Fazio, que lo había visto llegar, se le acercó.

– ¿Dónde está el muerto?

– Dottore, no está muerto. Pero no creo que pueda salvarse. Se lo han llevado al hospital de Montelusa, pero ni siquiera sé si ha llegado vivo.

– ¿Eres tú quien ha pedido la ambulancia?

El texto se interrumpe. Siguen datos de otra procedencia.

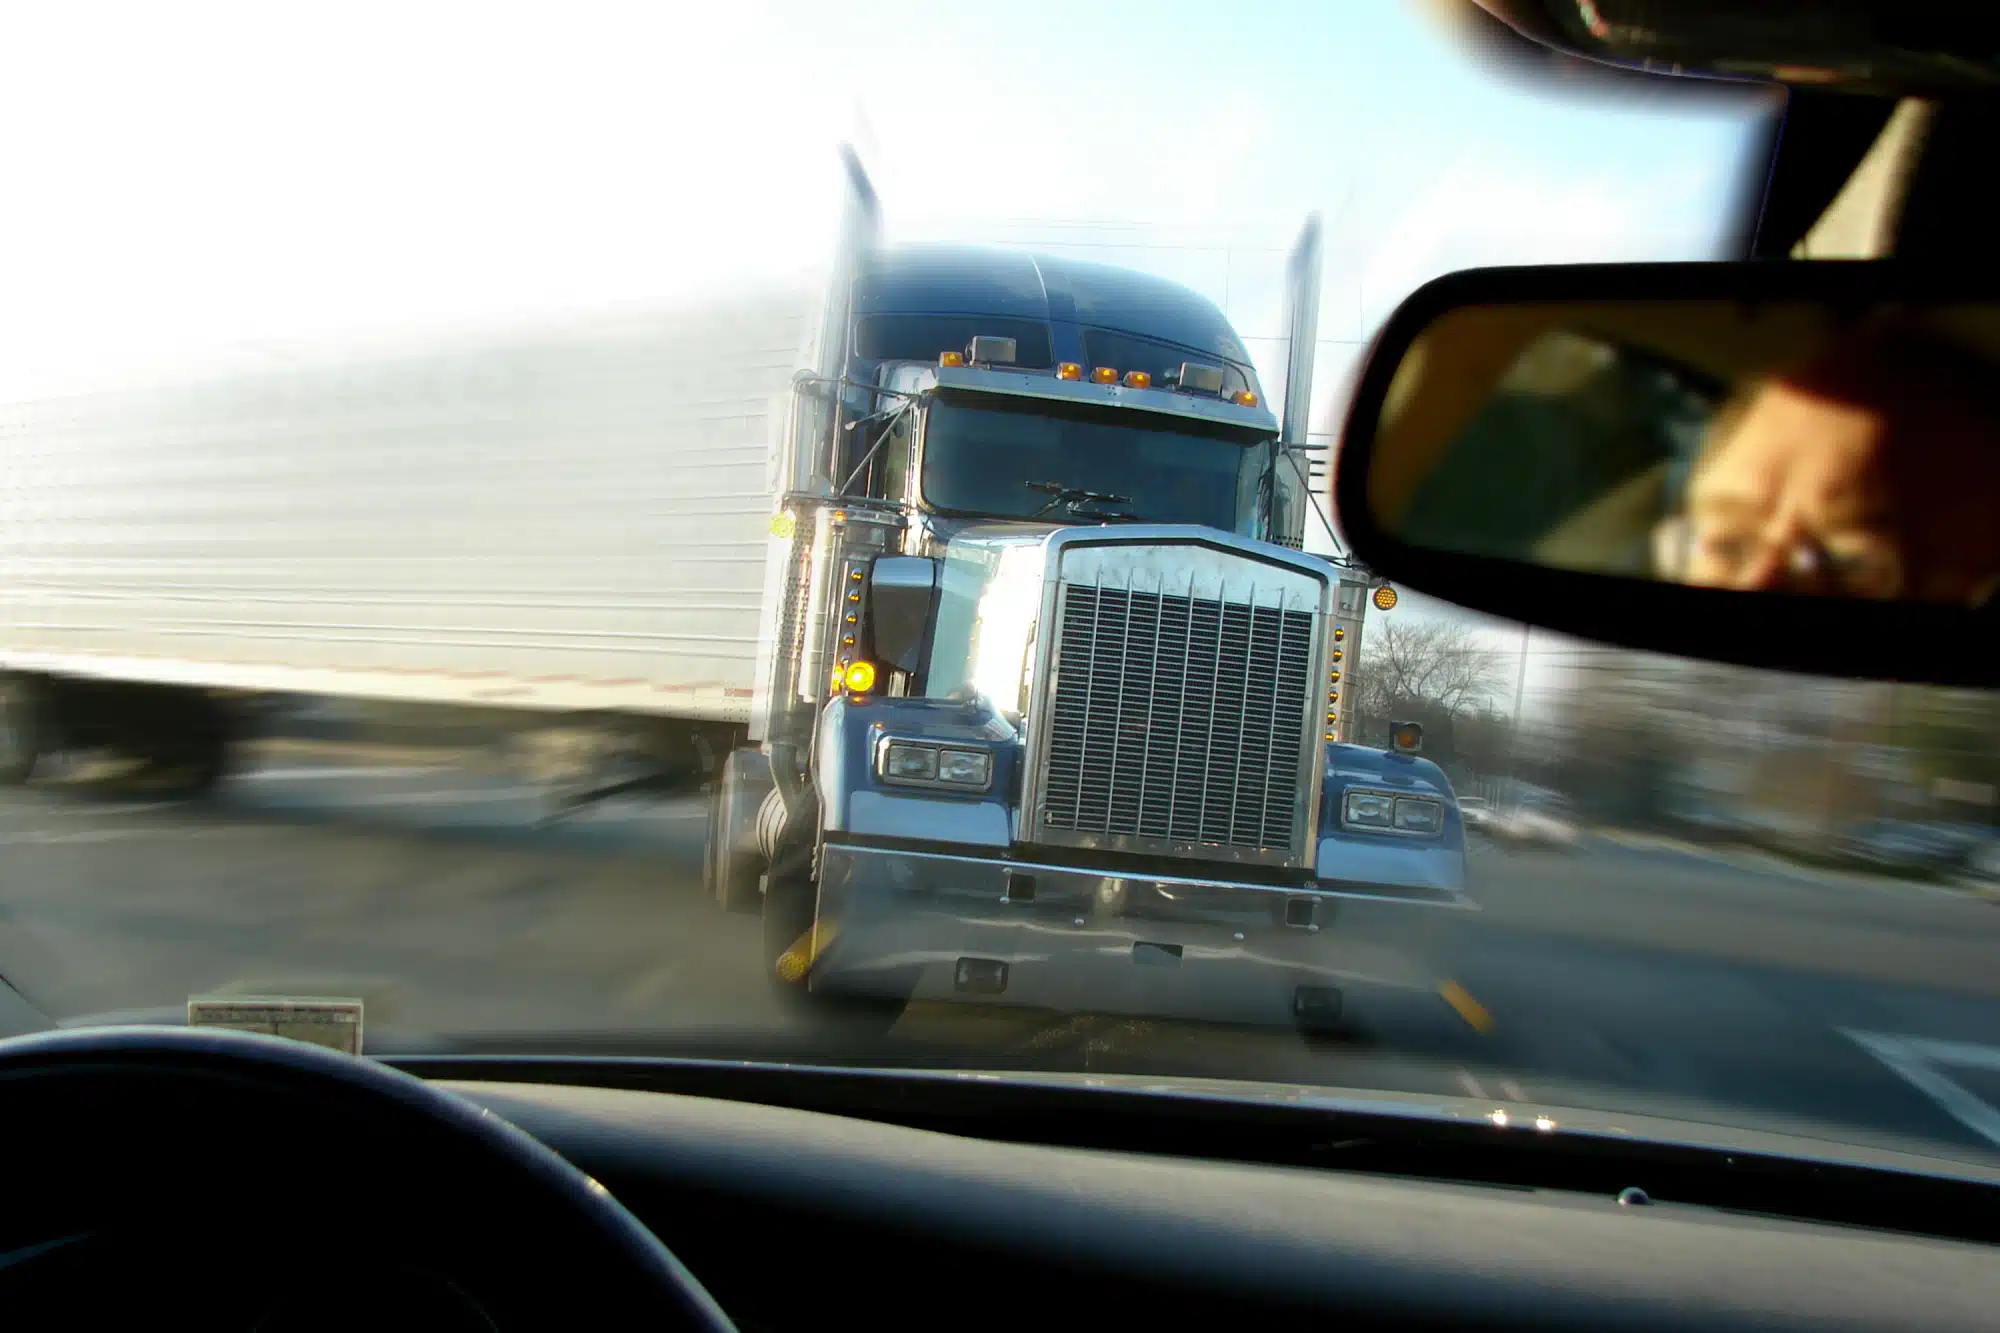 View over a car’s dashboard of an oncoming semi-truck.

– ¿Yo? ¡Pero qué dice! Nosotros hemos llegado cuando las cosas ya estaban hechas. Cuando han abierto fuego, había mucho tráfico, un jaleo tremendo. Dos o tres coches se han detenido, uno ha llamado al ciento dieciocho, otros nos han llamado a nosotros…

– ¿Alguien ha visto algo?

– Sí, señor. Un testigo ocular. Le he pedido que me describiera lo que ha visto, he anotado su nombre, apellido y dirección y lo he dejado irse.

– ¿Qué te ha dicho?

– Que vio cómo una motocicleta de gran cilindrada se acercaba al Panda, después que el coche derrapaba y que el motociclista se daba a la fuga.

– ¿No le vio la cara?

– Llevaba un casco integral.

– ¿La matrícula, para lo que sirve?

– No la anotó.

– Oye, Fazio, he de decirte una cosa. Cuando Catarella me llamó, yo estaba a punto de marcharme fuera unos tres o cuatro días. Puesto que creo que tú y Augello podéis arreglároslas muy bien…

Fazio lo miró extrañado.

– Pero, dottore…

– Mira, Fazio, necesito realmente estar fuera unos tres días. Total, creo que lo de este Lapicero…

– ¿Lapicero?

– ¿Por qué? ¿No se llama así?

– No, señor: es uno que usía quería conocer. Se llama Lapis, Tommaso Lapis. Es el de La Buena Voluntad, ¿recuerda?